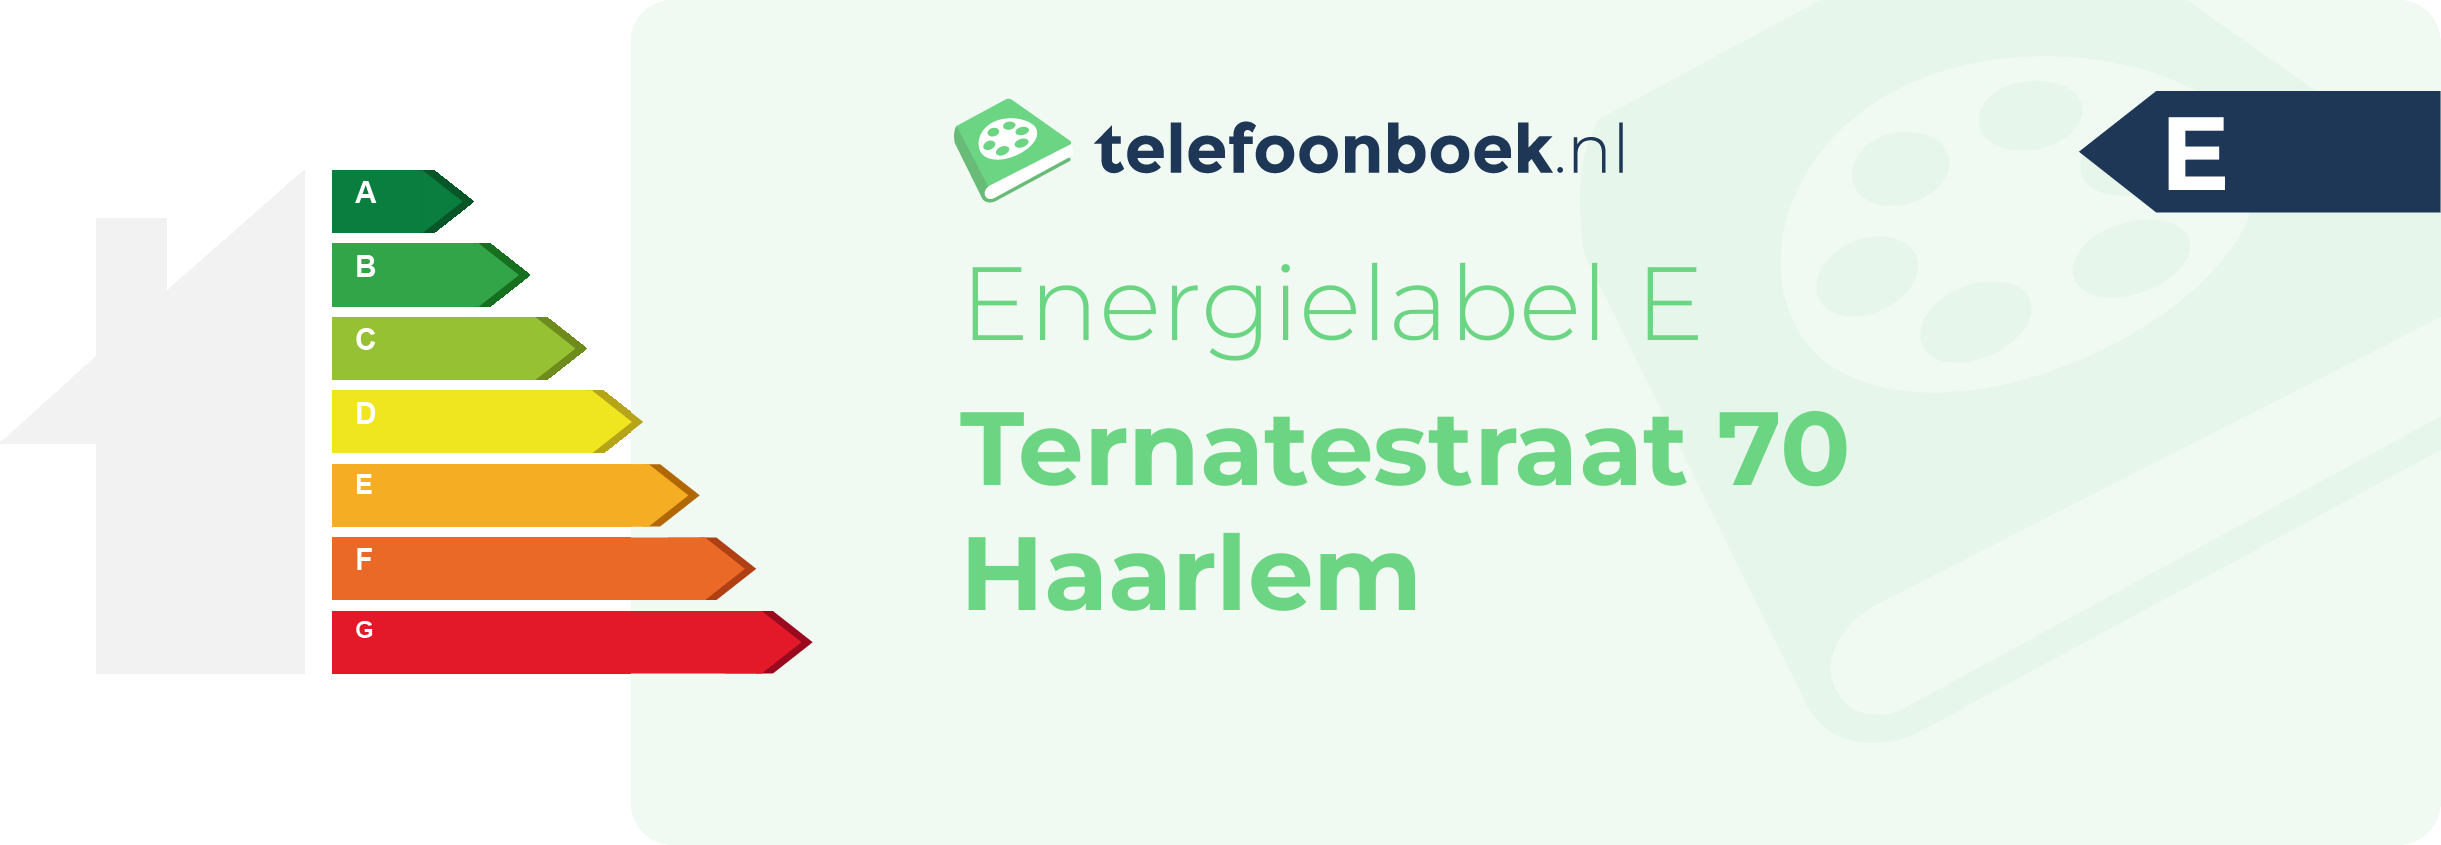 Energielabel Ternatestraat 70 Haarlem
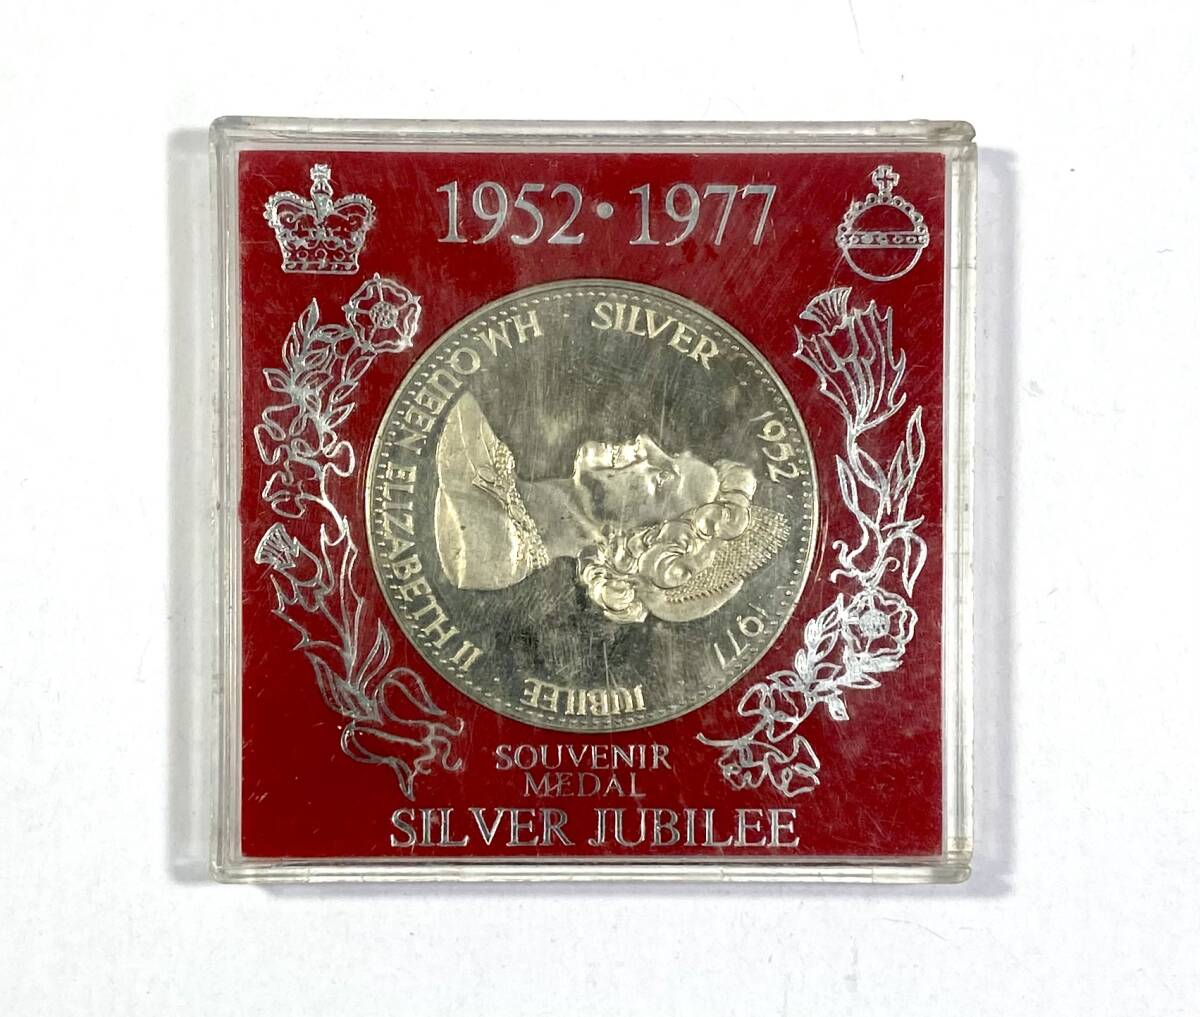 エリザベス女王2世 SOUVENIR MEDAL SILVER JUBILEE 記念銀貨 シルバージュビリー1952 1977 イギリス 記念コイン コレクター放出品の画像1
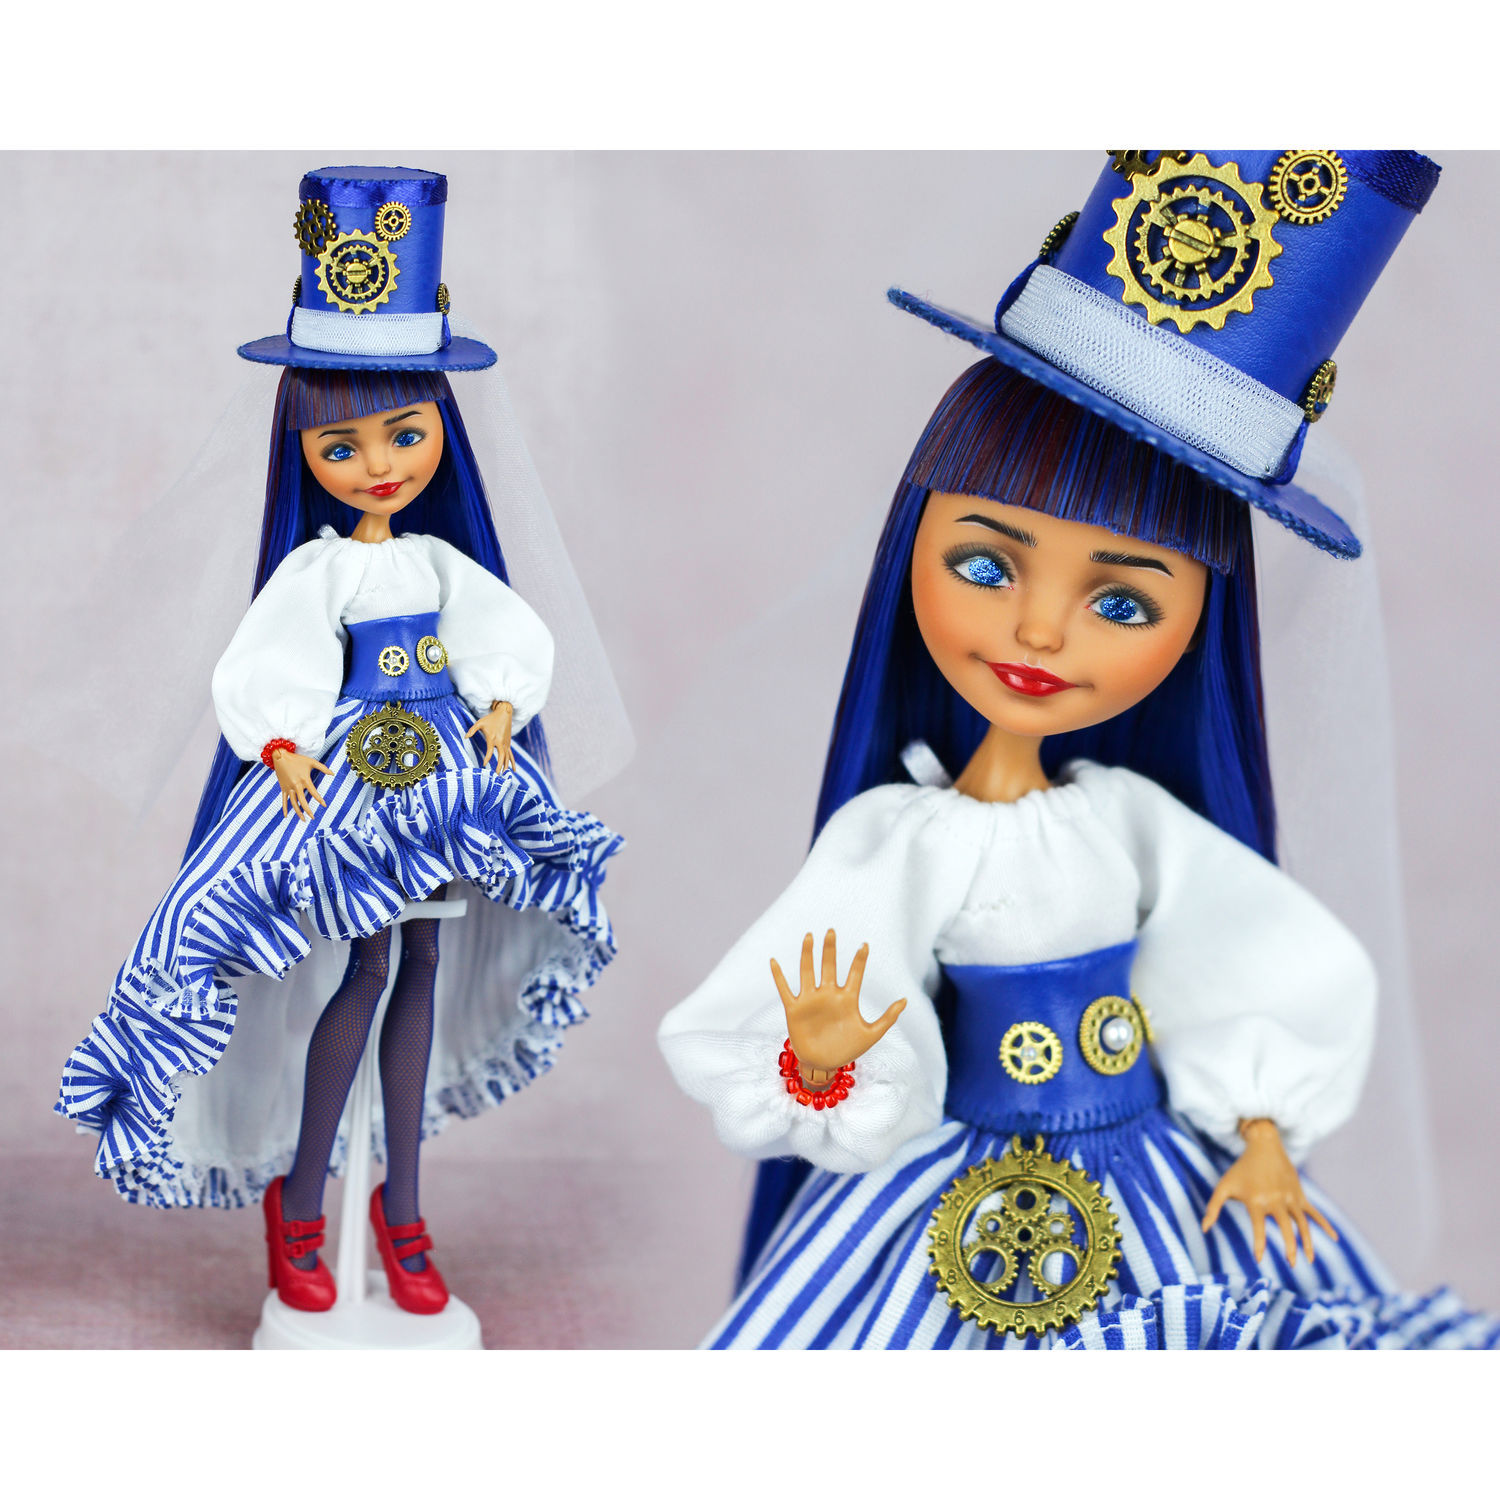 Куклы от Mattel в интернет-магазине MattelDolls
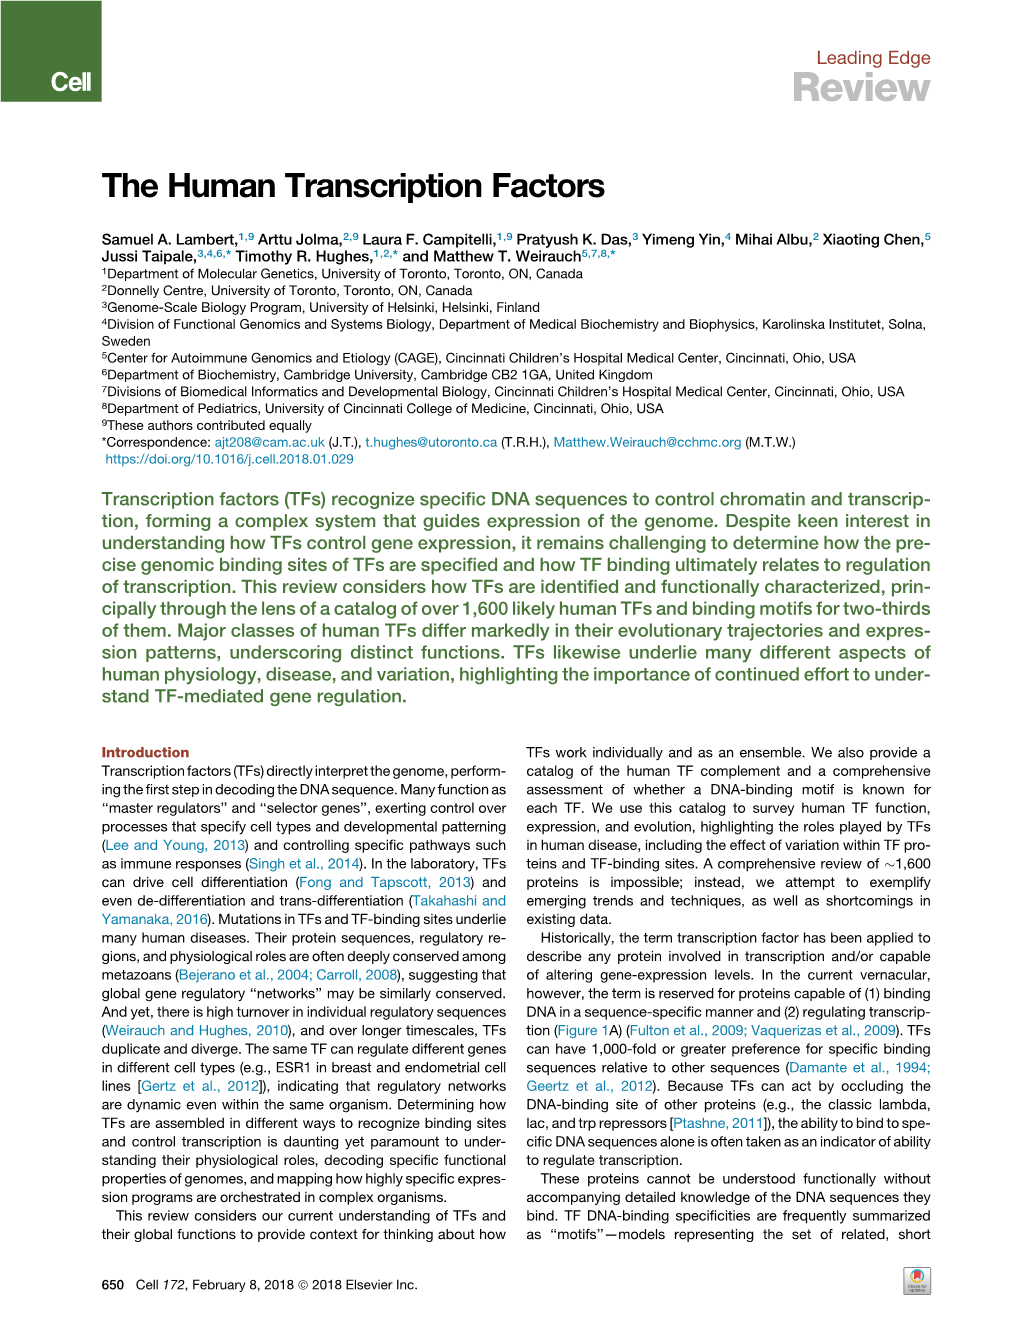 The Human Transcription Factors
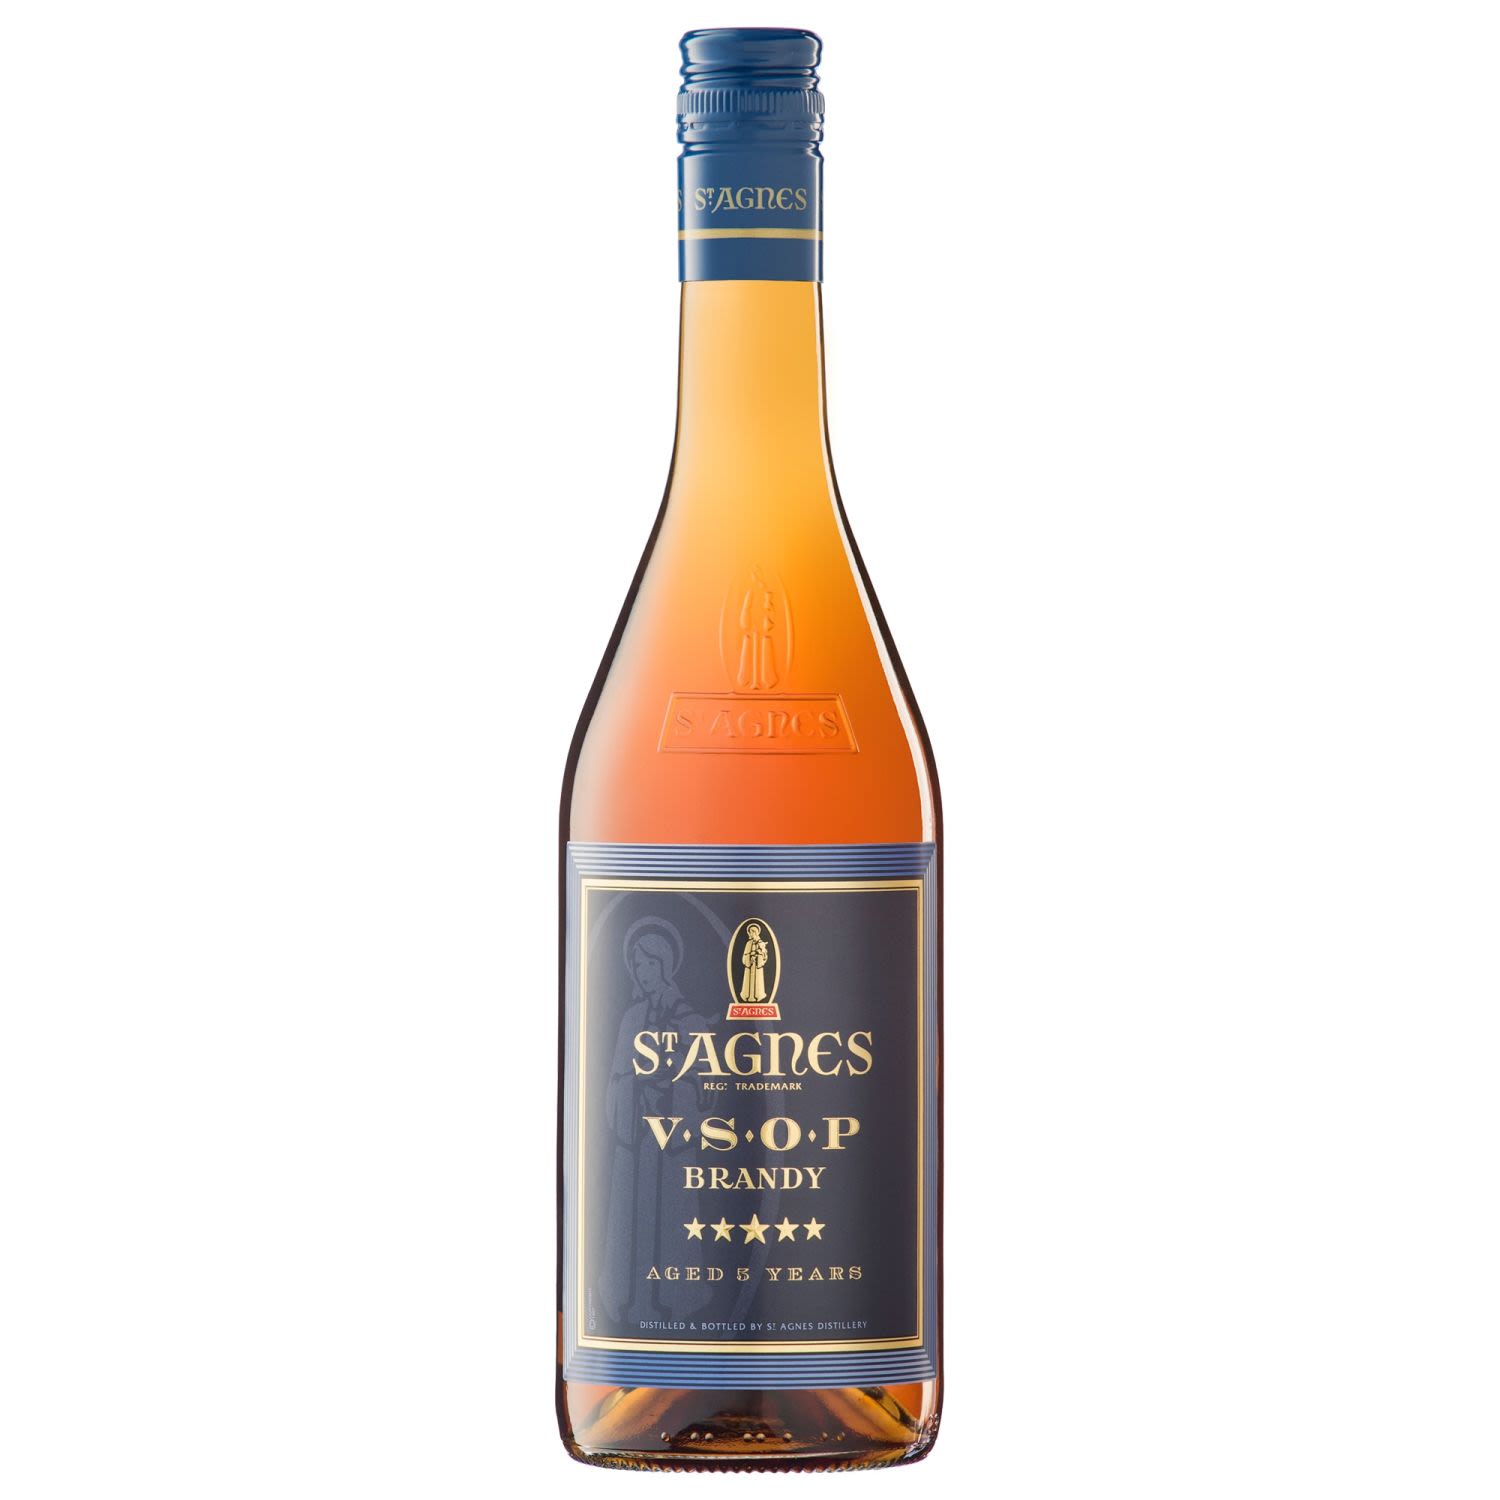 Brandy VSOP 700mL<br /> <br />Alcohol Volume: 37.00%<br /><br />Pack Format: Bottle<br /><br />Standard Drinks: 20</br /><br />Pack Type: Bottle<br /><br />Country of Origin: France<br />

→ **Work task**
Extract the run of lines beginning with the line that holds "エリザベス女王2世 SOUVENIR MEDAL" and ending at the last line of the data, inclusive. Exclude any pictures from the copy.

→ **Answer for the task**
 エリザベス女王2世 SOUVENIR MEDAL SILVER JUBILEE 記念銀貨 シルバージュビリー1952 1977 イギリス 記念コイン コレクター放出品の画像1
 Куклы от Mattel в интернет-магазине MattelDolls
 The Human Transcription Factors
 Brandy VSOP 700mL<br /> <br />Alcohol Volume: 37.00%<br /><br />Pack Format: Bottle<br /><br />Standard Drinks: 20</br /><br />Pack Type: Bottle<br /><br />Country of Origin: France<br />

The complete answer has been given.